BEGIN Task inputs
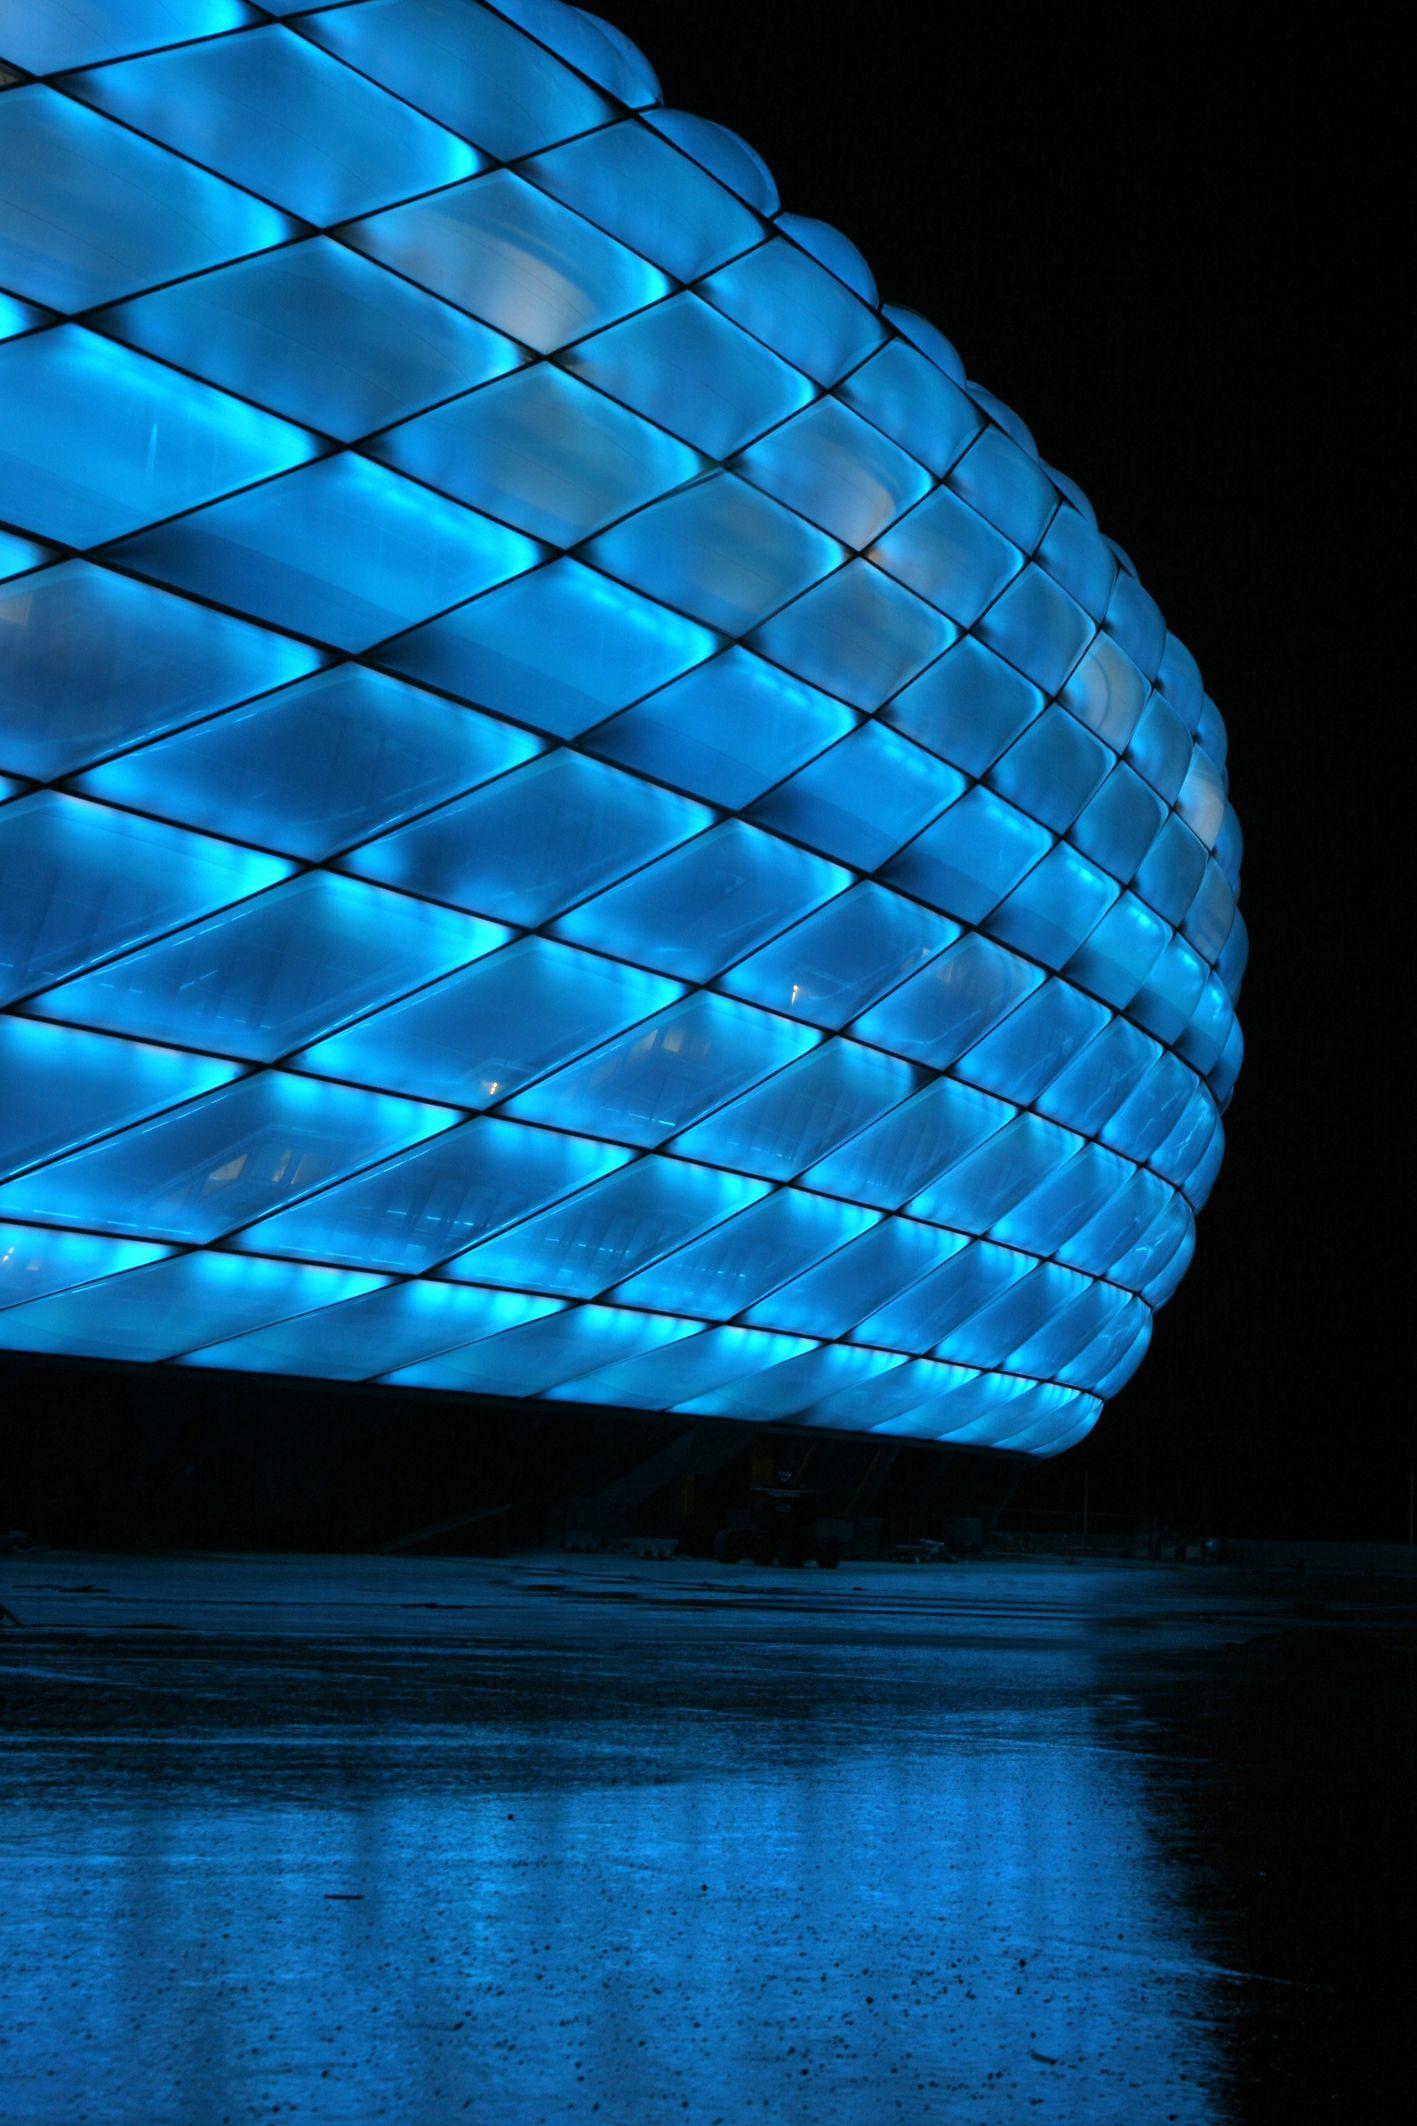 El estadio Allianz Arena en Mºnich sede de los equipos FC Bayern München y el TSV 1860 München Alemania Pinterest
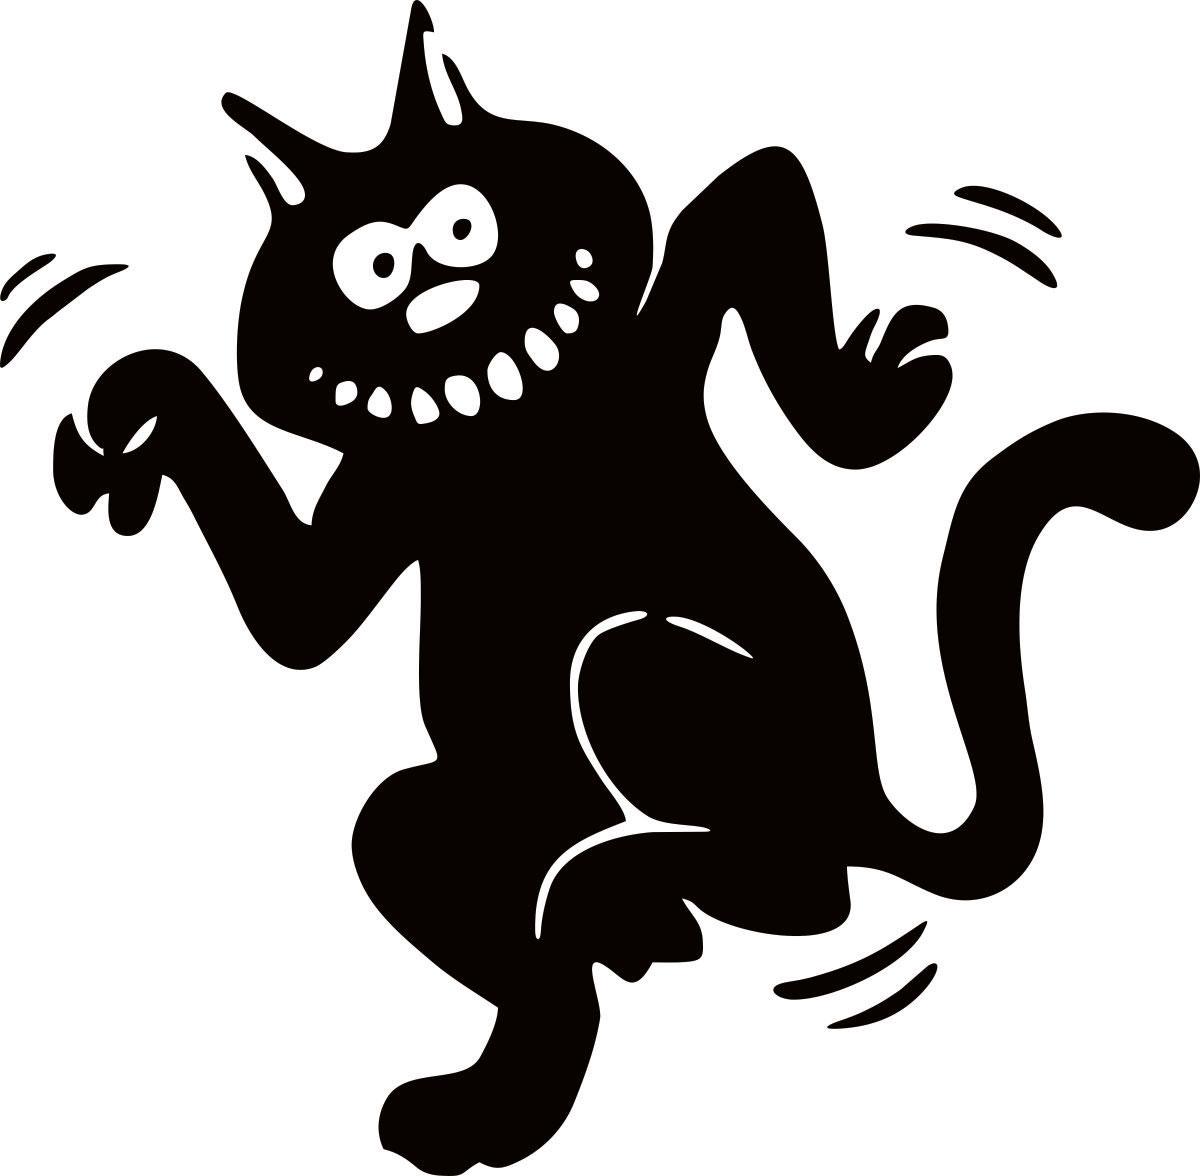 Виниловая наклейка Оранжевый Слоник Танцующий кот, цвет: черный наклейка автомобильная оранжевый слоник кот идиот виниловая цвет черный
END Task inputs
BEGIN Task inputs
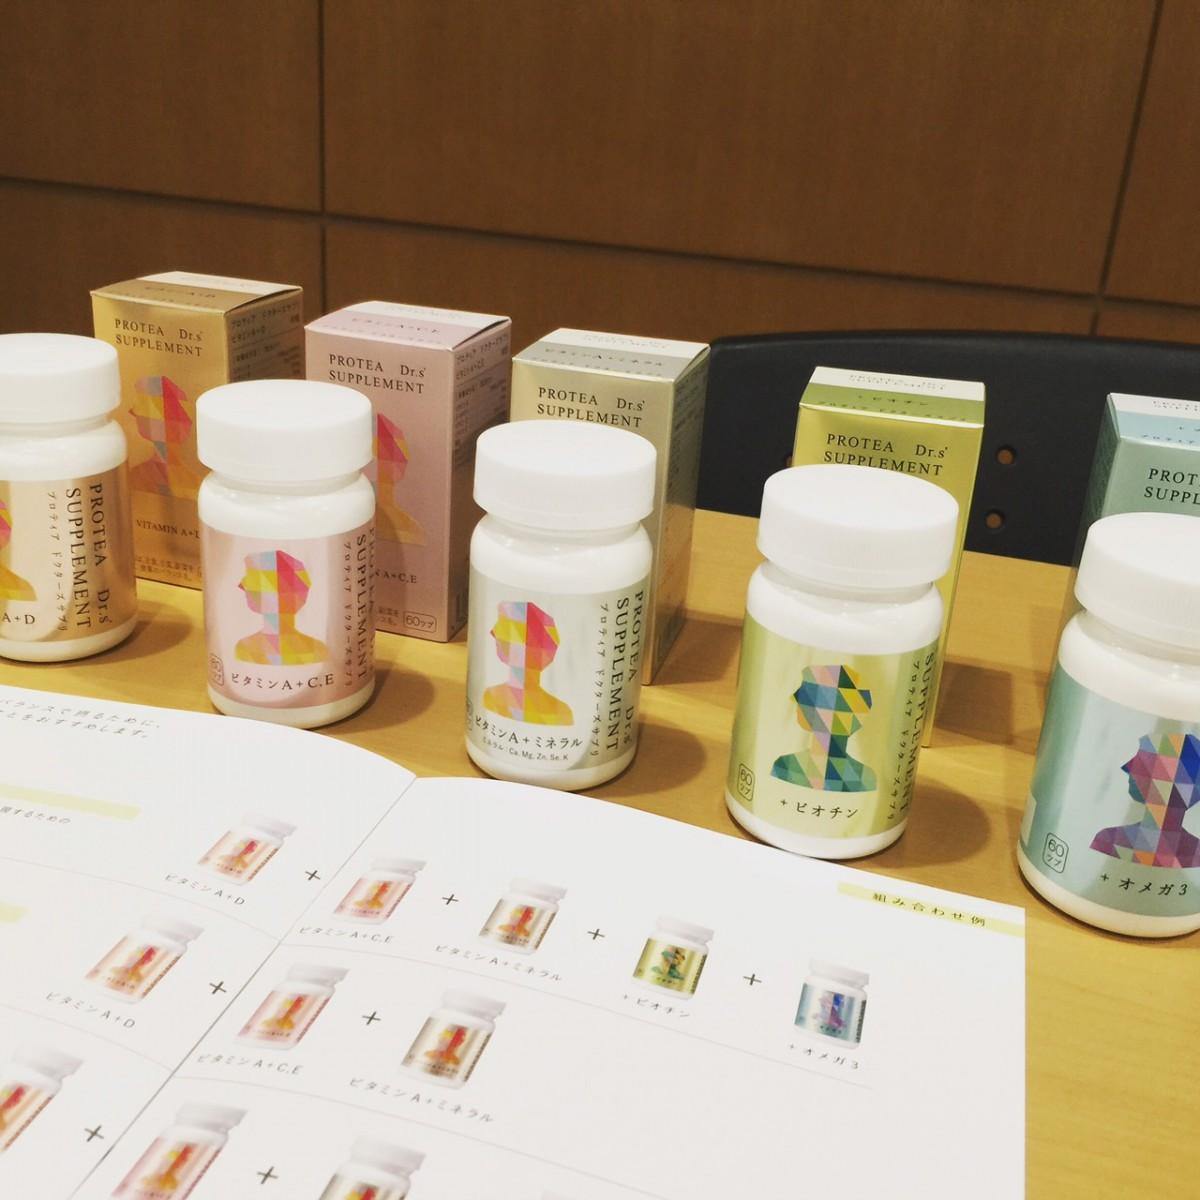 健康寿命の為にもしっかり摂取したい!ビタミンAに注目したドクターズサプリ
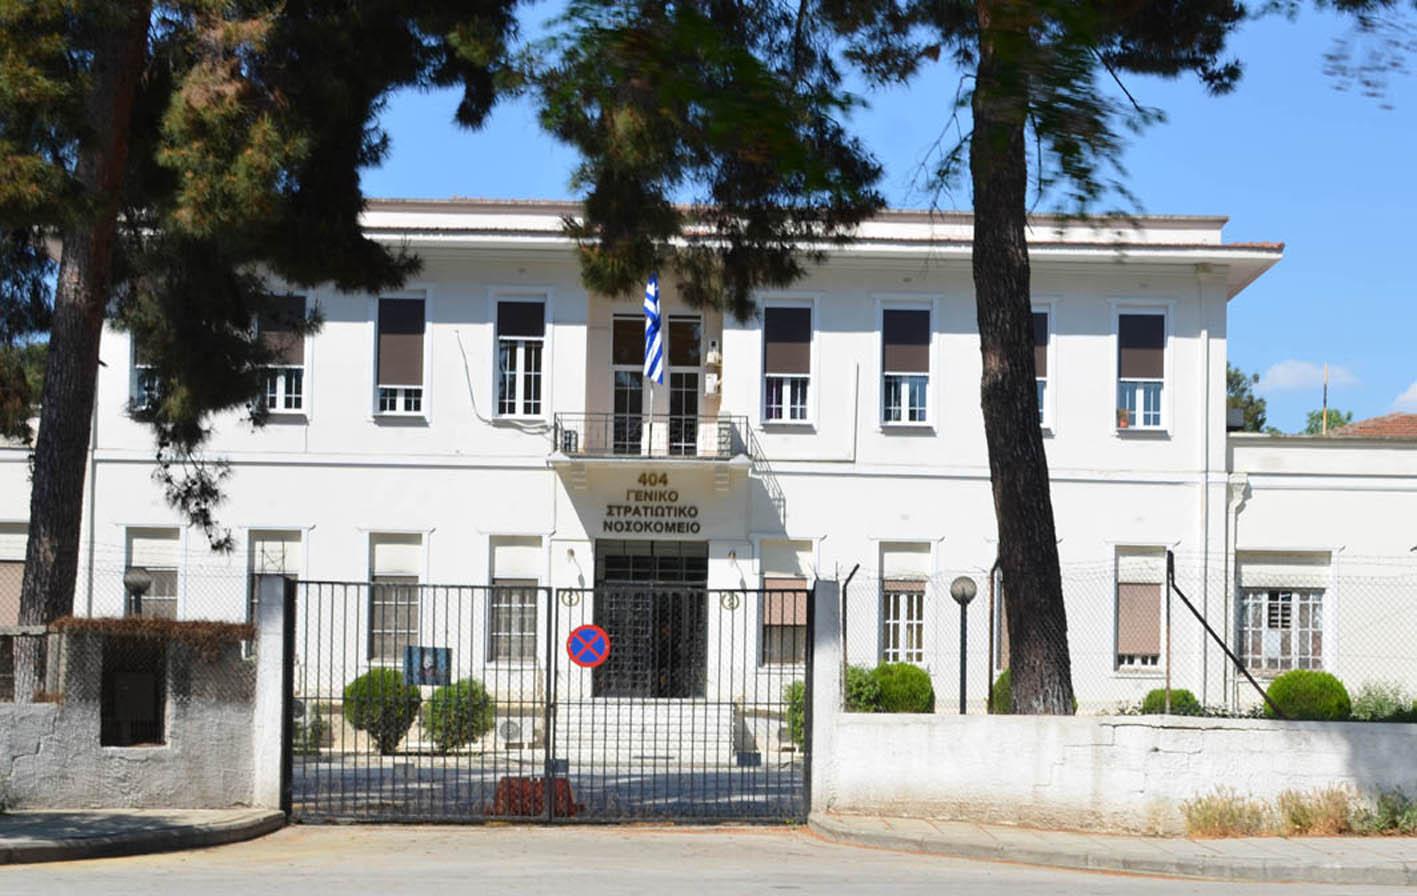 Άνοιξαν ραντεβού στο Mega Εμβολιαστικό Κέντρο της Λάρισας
END Task inputs
BEGIN Task inputs
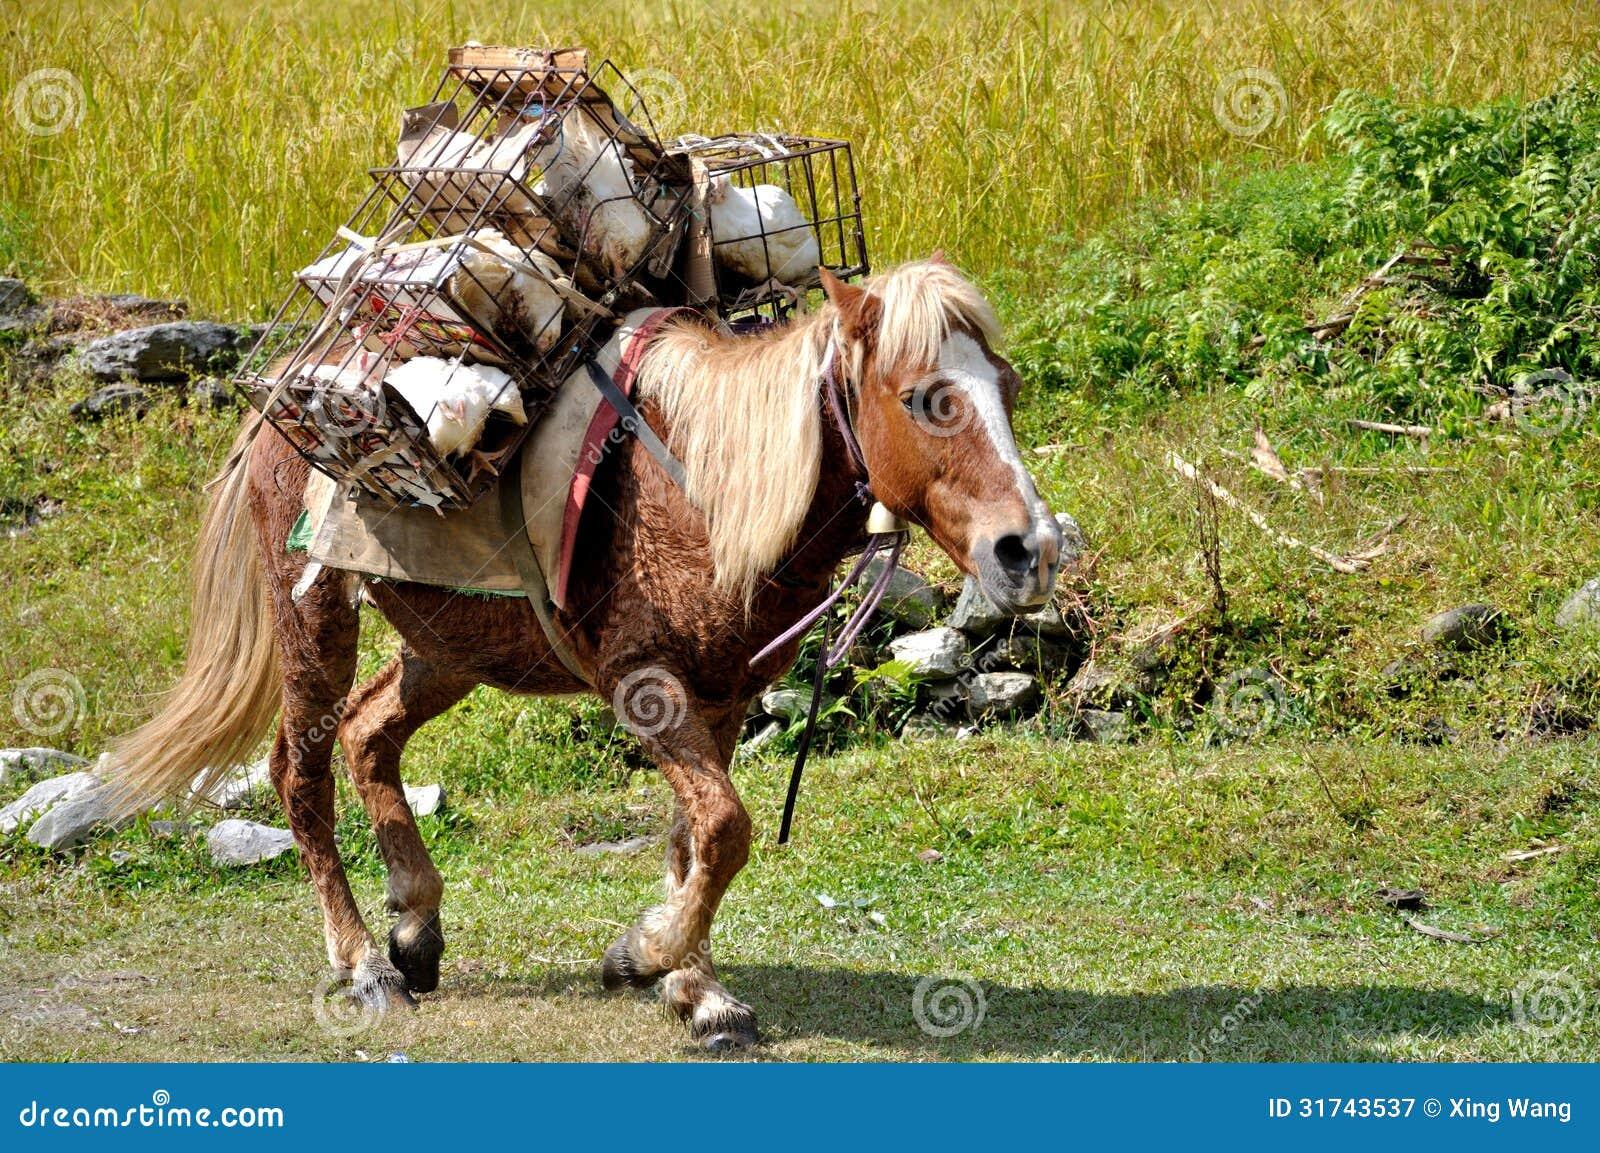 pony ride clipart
END Task inputs
▸ **Work order**
Look through the material above. Transcribe exactly the lines between the ones with "El estadio Allianz" and "Виниловая наклейка Оранжевый", inclusive, and keep pictures out.

▸ **Written answer**
 El estadio Allianz Arena en Mºnich sede de los equipos FC Bayern München y el TSV 1860 München Alemania Pinterest
 Виниловая наклейка Оранжевый Слоник Танцующий кот, цвет: черный наклейка автомобильная оранжевый слоник кот идиот виниловая цвет черный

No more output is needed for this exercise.